Next, I need a function to get any cell's neighbors. A cell is identified by its X and Y values, so I can add and subtract 1 to to those values to get all neighbors:
const getNeighbors = (x, y, field) => {
let prevX = x - 1
let nextX = x + 1
let prevY = y - 1
let nextY = y + 1
return [
field[prevY][prevX],
field[prevY][x],
field[prevY][nextX],
field[y][prevX],
// field[y][x], That's the cell itself - we don't need this.
field[y][nextX],
field[nextY][prevX],
field[nextY][x],
field[nextY][nextX],
]
}
But wait - the field is a donut. So I need to catch the border cases as well:
const getNeighbors = (x, y, field) => {
let prevX = x - 1
if (prevX < 0) {
prevX = field[0].length - 1
}
let nextX = x + 1
if (nextX === field[0].length) {
nextX = 0
}
let prevY = y - 1
if (prevY < 0) {
prevY = field.length - 1
}
let nextY = y + 1
if (nextY === field.length) {
nextY = 0
}
// ...
}
So this function now returns an array of boolean values. The game's rules don't care about which neighbors are alive or dead, only how many of them are.

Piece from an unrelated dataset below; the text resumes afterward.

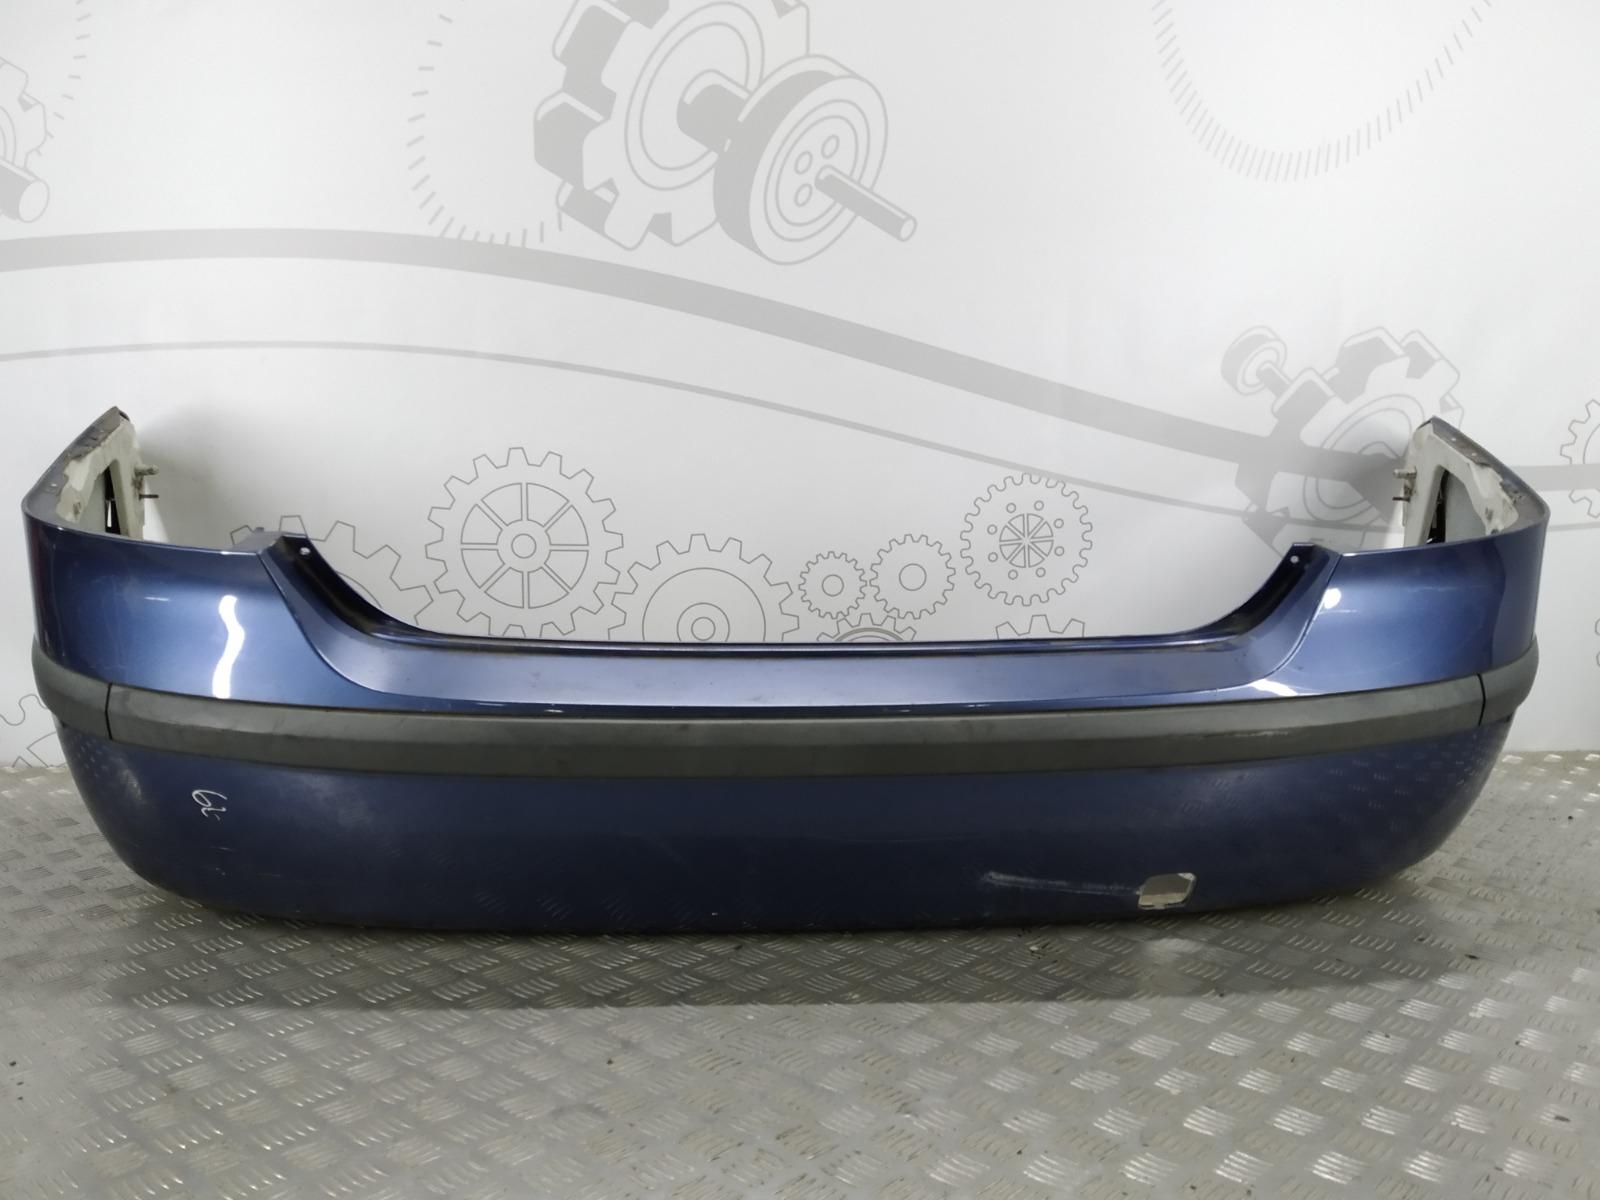 Бампер задний Ford Focus 1.6 I 2005 (б/у)
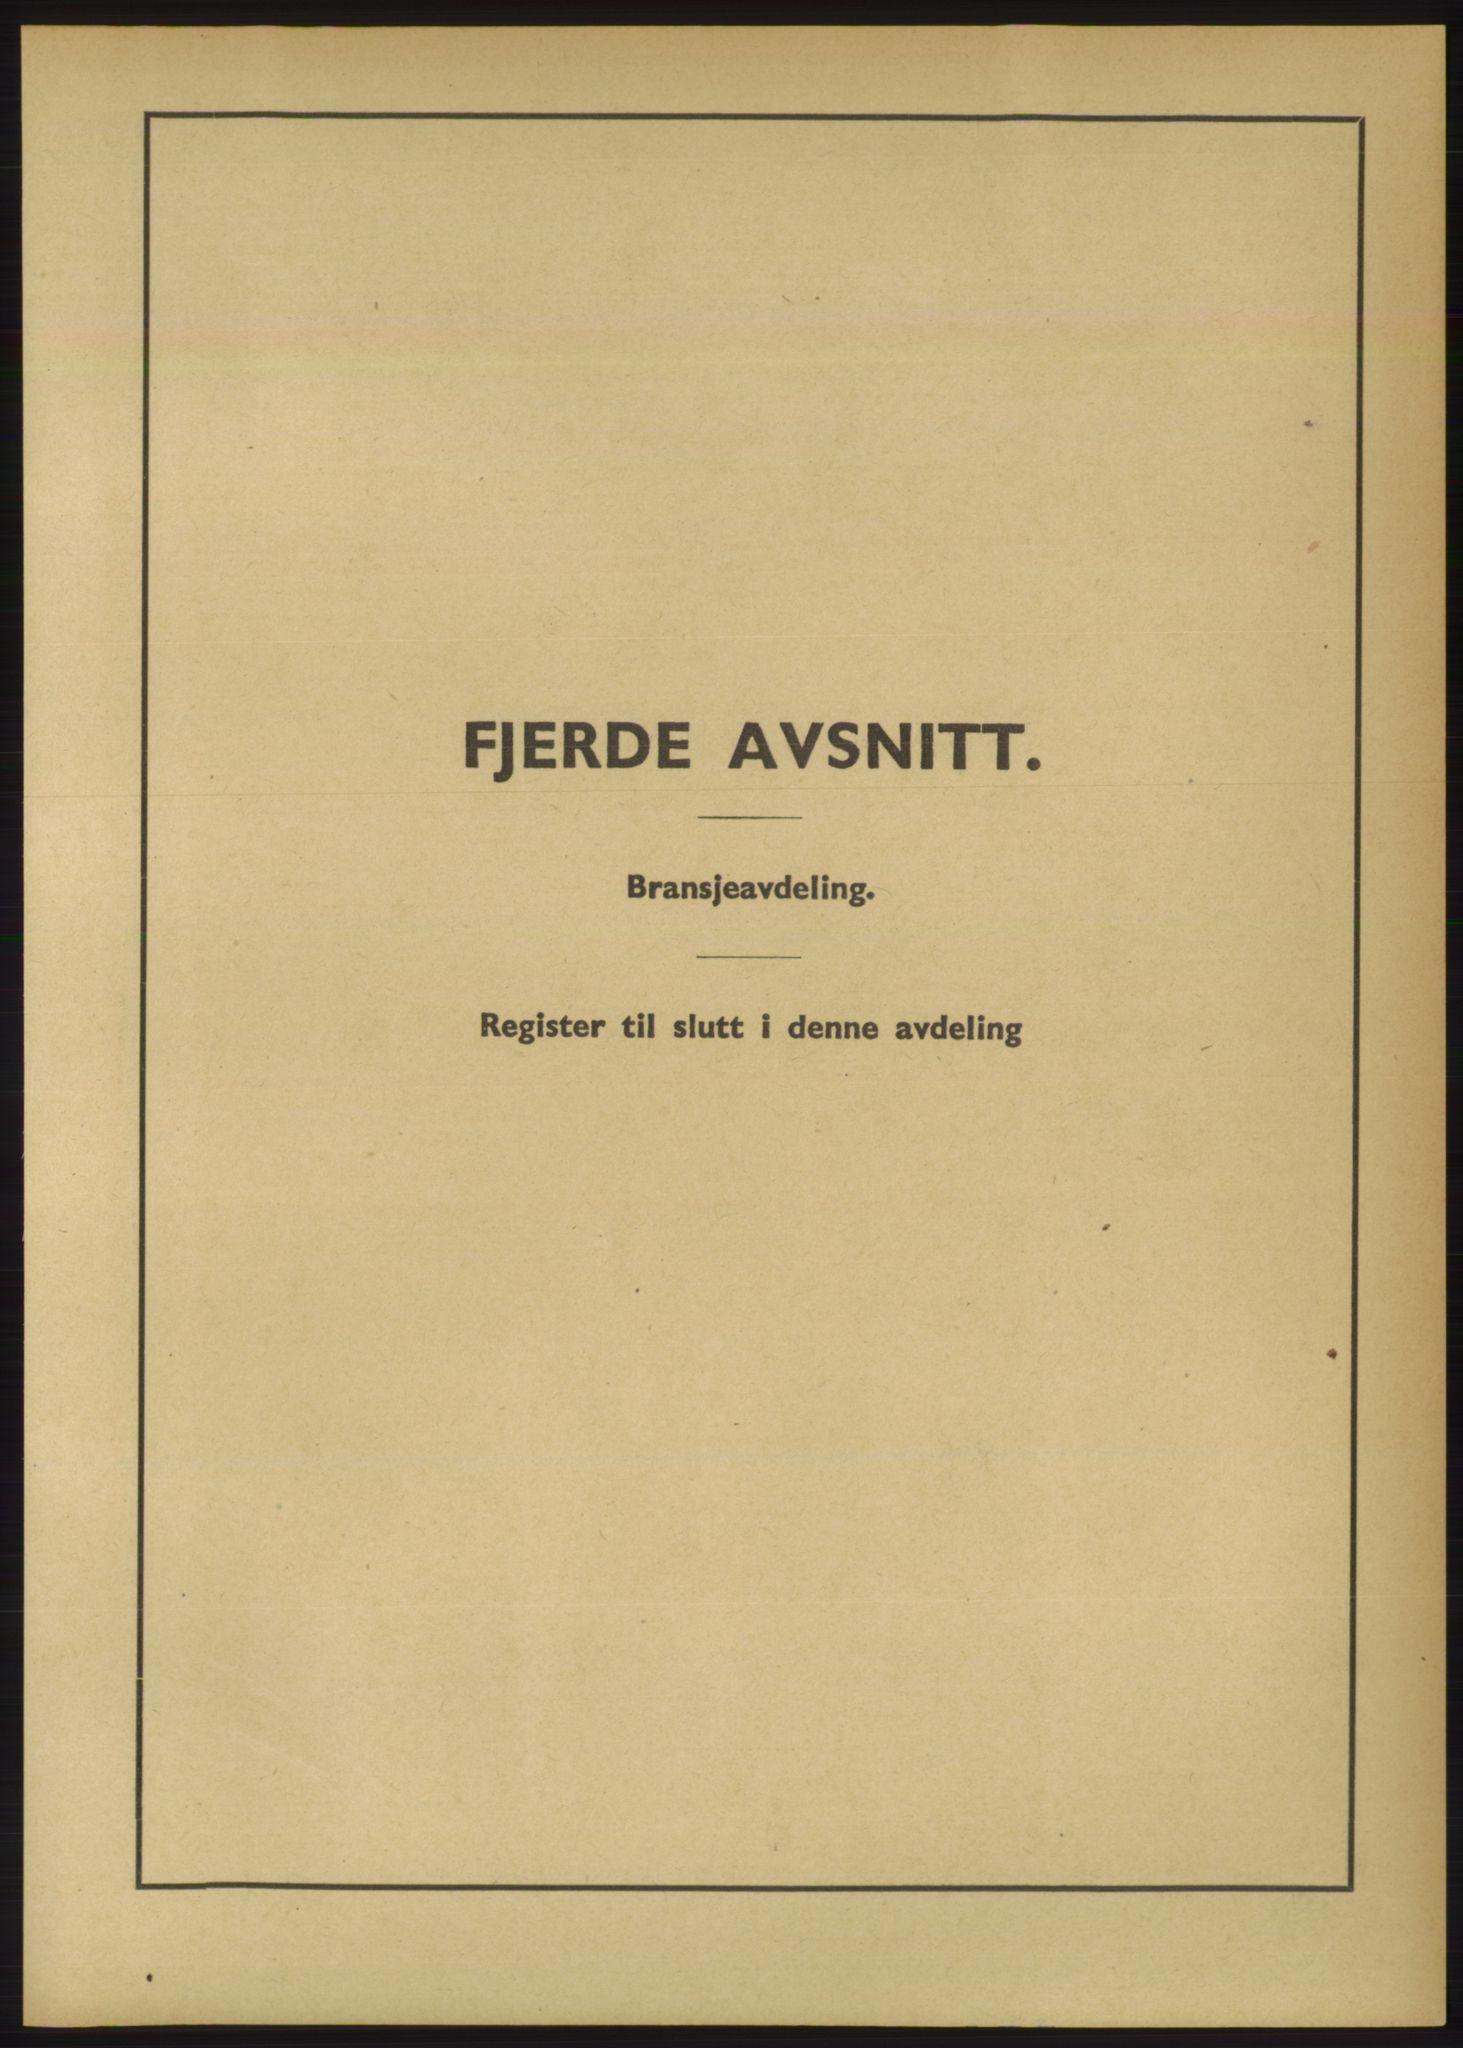 RA, Oslo adressebok (publikasjon)*, 1950, s. 2403

The next step is to actually implement the rules. Ideally, I've got a function that takes X and Y values as well as the field and returns the state of the cell for the next generation:
const getDeadOrAlive = (x, y, field) => {
const neighbors = getNeighbors(x, y, field)
const numberOfAliveNeighbors = neighbors.filter(Boolean).length
// Cell is alive
if (field[y][x]) {
if (numberOfAliveNeighbors < 2 || numberOfAliveNeighbors > 3) {
// Cell dies
return false
}
// Cell stays alive
return true
}
// Cell is dead
if (numberOfAliveNeighbors === 3) {
// Cell becomes alive
return true
}
// Cell stays dead
return false
}
And that's pretty much it for the game rules!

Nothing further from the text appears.